(Reuters) – U.S. President Donald Trump will likely face questions about his executive order restricting some travel to the United States when he meets with the CEOs of major U.S. companies at the White House on Friday.
Companies whose chief executives are expected to attend the meeting of the president’s business advisory panel include JPMorgan Chase, General Motors, Blackstone Group LP, IBM, and Walt Disney, two officials briefed on the meeting said on Wednesday.
Activists are already pressuring the CEOs to raise concerns about the travel restrictions at the meeting, which comes at the end of another turbulent week for the Trump administration.
Trump’s order last Friday, barring travel into the United States by people from seven Muslim-majority countries, touched off public protests and stirred unease among employees at many big U.S. companies.
CEOs have been faced with difficult choices to either criticize Trump’s move at a time when they are trying to win White House support on tax and trade policies, or remain silent and take heat from consumers and employees dismayed by the order.
The Trump administration says the travel ban is aimed at strengthening national security.
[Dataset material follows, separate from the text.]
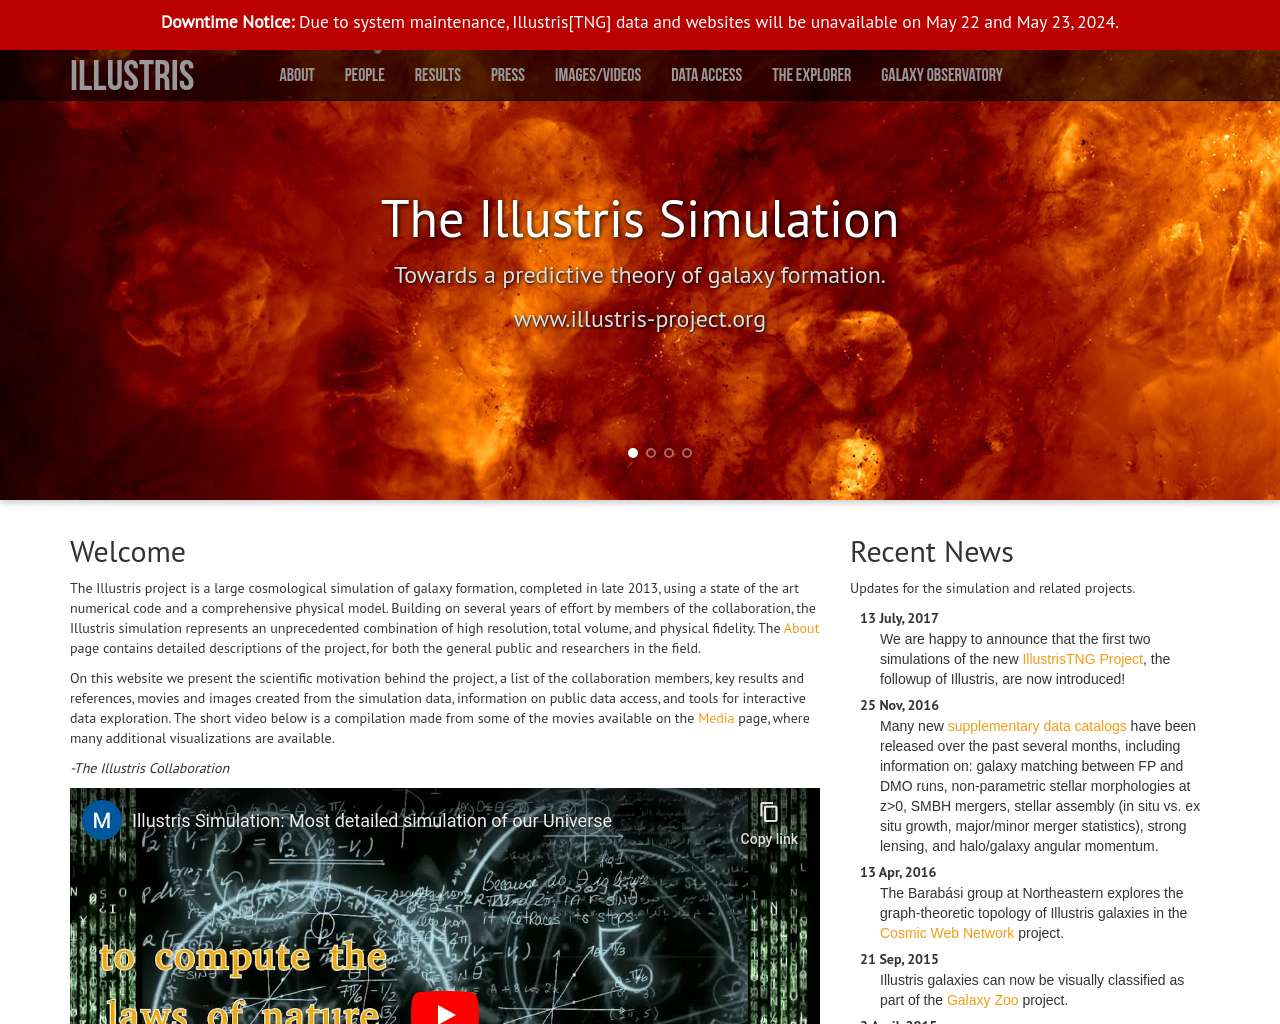 illustris-project.org
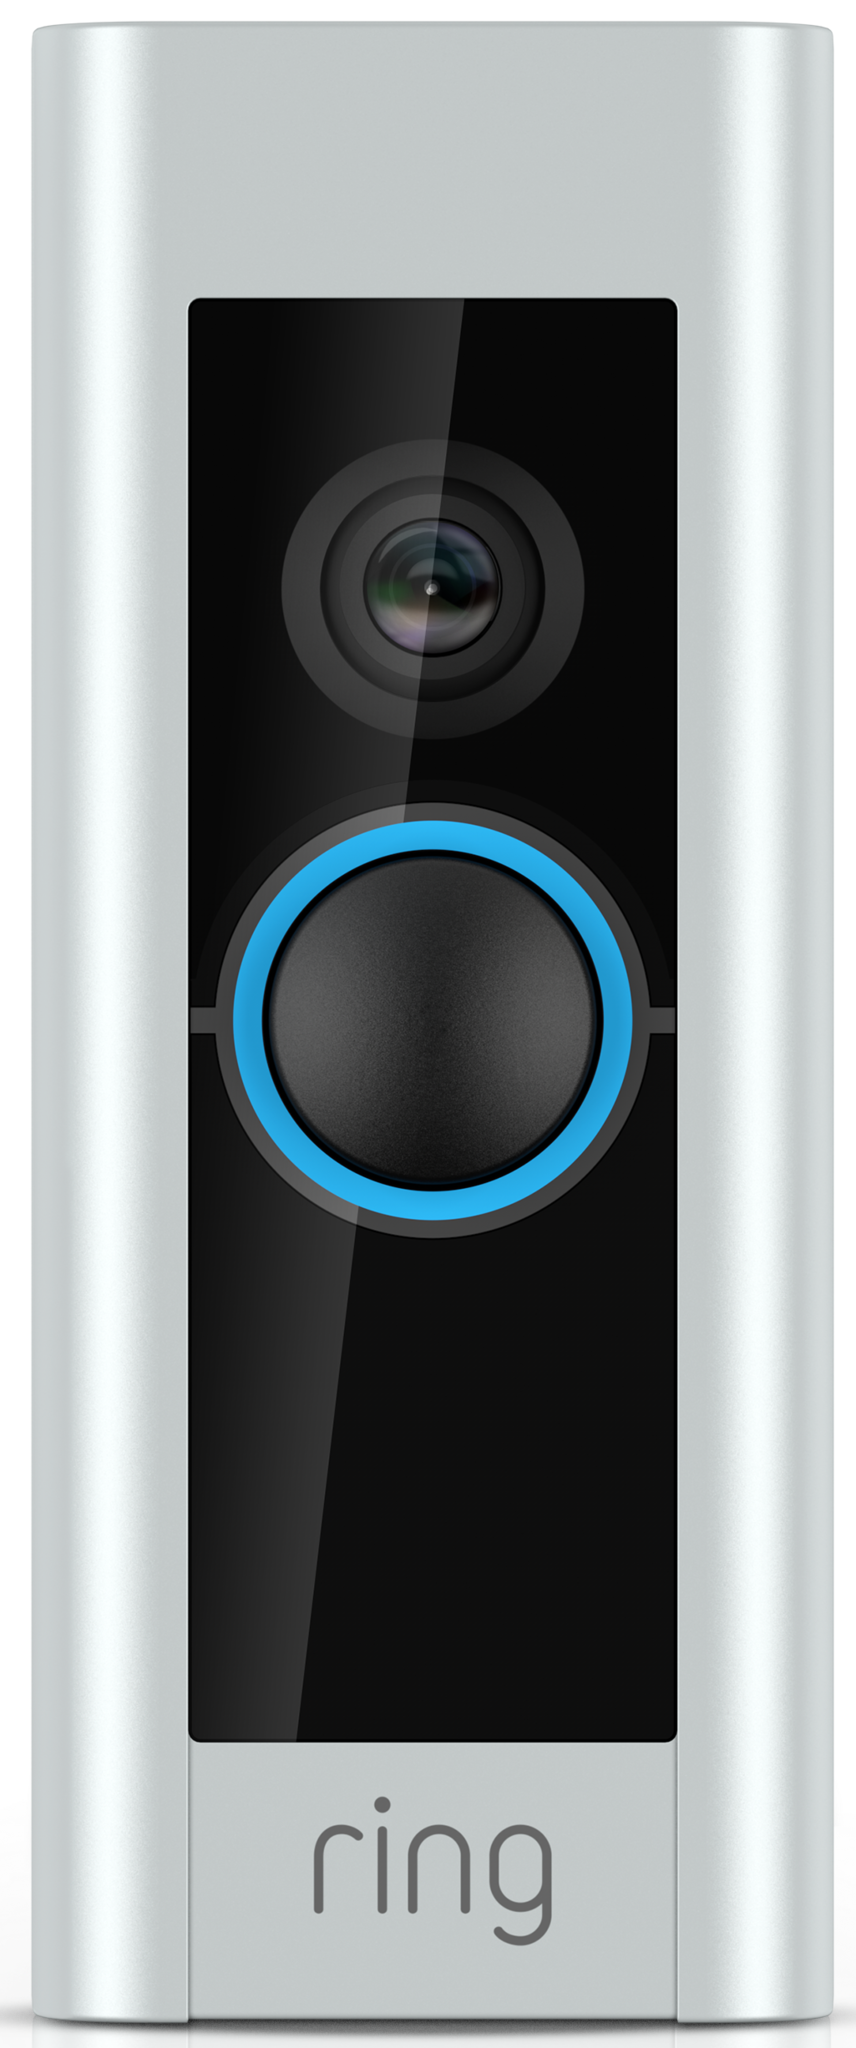 Ring Video Doorbell Pro official render

Backlash over the measure knocked the wind out of the post-inaugural stock market rally, although major indexes rebounded on Wednesday.
Trump’s executive order put a 120-day halt on the U.S. refugee program, barred Syrian refugees indefinitely and imposed a 90-day suspension on people from Iran, Iraq, Libya, Somalia, Sudan, Syria and Yemen. Along with protests it has prompted legal challenges in the United States and drawn criticism from several leading U.S. companies.
Among those critics, Uber CEO Travis Kalanick wrote in an email to employees Saturday that “the ban will impact many innocent people — an issue that I will raise this coming Friday when I go to Washington for President Trump’s first business advisory group meeting.”
Trump will kick off the two-hour meeting with an address lasting 10-15 minutes and will be followed by Stephen Schwarzman, the billionaire founder of private equity group Blackstone <BX.N>, who chairs the panel and assembled it at Trump’s request.
Four topics will be discussed — regulatory relief, women in the work force, tax and trade, and infrastructure — with two to three people talking briefly about each subject to help shape “how the administration should be thinking,” according to a person familiar with the matter.
Investors said the CEOs would be mindful of Trump’s penchant for rebuking companies publicly.
“Given recent history, being called out publicly is something that the CEOs in that room and other CEOs will absolutely be mindful to avoid,” said Jim Russell, vice president at Bahl & Gaynor Inc, which oversees $17 billion and owns shares in several of the companies attending Friday’s meeting.
“I’m sure they will pick their fights carefully and articulate them carefully.”
It was not clear if all 19 members of the President’s Strategic and Policy Forum would attend Friday’s meeting. Other members include the CEOs of Tesla, Wal-Mart and Boeing.
Tesla founder Elon Musk said this week that the travel order should be modified and he would seek a consensus among members of the advisory council.
Ford Motor Executive Chairman Bill Ford Jr. and CEO Mark Fields have also criticized the travel measure. GM has declined to take a position.
On Wednesday, a group of religious investors, human rights groups other activists urged members of the business advisory panel to speak out against the travel restrictions at the meeting with Trump.
In a joint letter to the corporate leaders, the group said Trump’s order “undermines respect for human rights and the lives of workers and their families in the U.S. and beyond, and disrupts economic activity and company operations.”
The letter was signed by dozens of people, including representatives of firms focused on socially-responsible investing like Calvert Research and Management and Domini Impact Investments. Others included representatives of the International Corporate Accountability Roundtable, the Institute for Human Rights and Business and the Interfaith Center on Corporate Responsibility.
Companies that have been most critical of Trump’s immigration orders include Netflix, Apple, and Amazon.com, none of which form part of the business advisory panel.